Unfortunately, that couldn’t explain why Nick still remembered the other security police sergeant being killed, making him the sole survivor. If Graves had replaced the other sergeant aboard the vessel and had survived as well, then Nick shouldn’t be able to recall the details of the incident in any other way. It didn’t make sense, and that led him right back to where he’d started.
He must have been subjected to a memory-edit at sometime, somewhere. He
must have. There simply wasn’t any other viable explanation.
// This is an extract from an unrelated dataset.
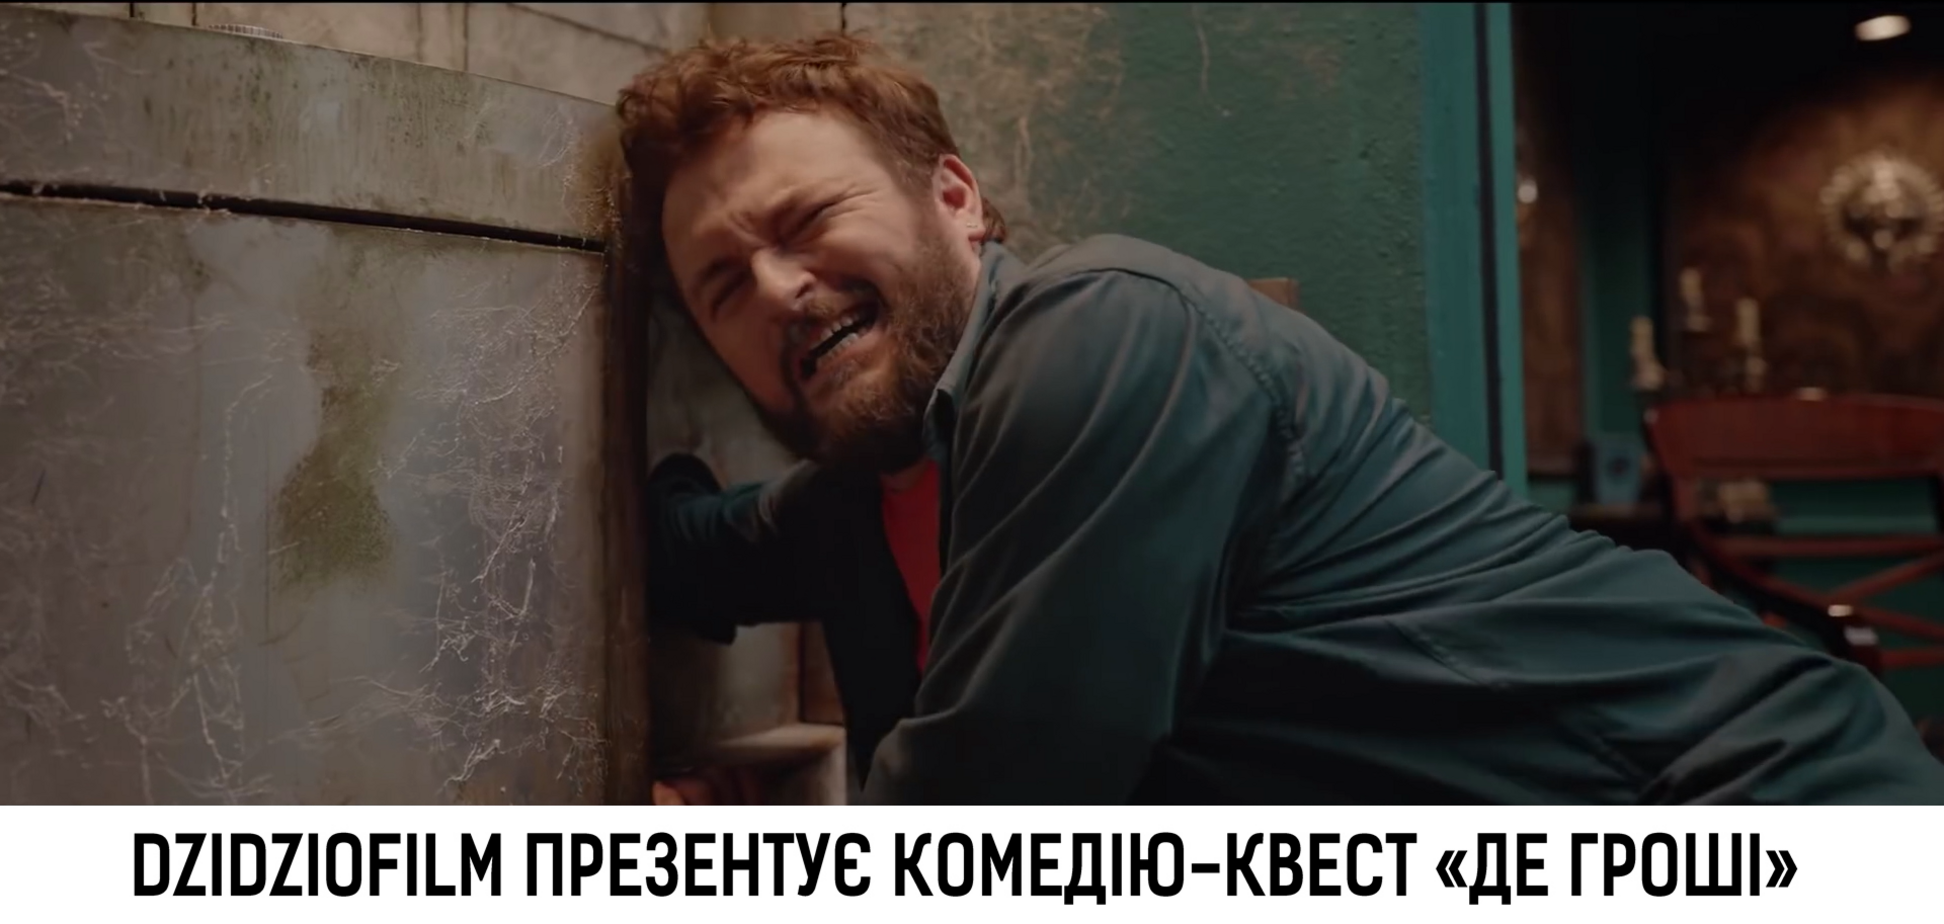 DZIDZIOFILM представляет комедию-квест 'ГДЕ ДЕНЬГИ'

He heard the sliding door open behind him and looked back over his shoulder as Heather stepped outside, already showered and dressed, ready to go. Had he really been standing outside on the deck that long? She’d put on a short black skirt, a light blue satin button-down blouse that pulled slightly across her bosom, just enough to draw a little more attention to her... assets... than he would have preferred, and knee-high blue suede boots. She’d also made herself up, and Nick had to admit, even if only in his mind, that she’d done a good job of it. She hadn’t overdone it the way some girls tended to, and what she had done enhanced her natural beauty, rather than cover it up.
“I’m going, Dad,” she told him as she stepped up to his side.
“Okay.” He put an arm around her and kissed the top of her head. “Have a good day.”
“You, too,” she replied automatically. Then, looking up at him through those puppy dog eyes that she was so good at making, she added, “I really am sorry about earlier.”
“That’s all right, Heather,” he heard himself say before he could think of a better reply. To him that made it sound as though what she’d done was no big deal, so he quickly explained what he meant by adding, “Just remember what I told you. Your room, your rules, but when you leave your room make sure you conform to my rules.”
“I got it, Dad. Bye.”
“Bye.”
Nick watched her walk back inside—his eyes did fall to her backside, but only to satisfy his father’s need to be aware—then turned with a sigh to face the mountains once more. Like it or not, he had to face facts. His little girl was becoming a woman. A beautiful and shapely, sexy young woman. And at her age her hormones were probably totally out of whack, and by now she was likely exploring her sexuality on some level as well, though he really didn’t want to think about that. One thing was for sure, though. The boys were going to be all over her... figuratively speaking. Then again, now that he thought about it, perhaps not so figuratively speaking. He’d been a teenage boy himself once upon a time. He knew how they thought and what they tended to think with more often than not. He knew what they wanted.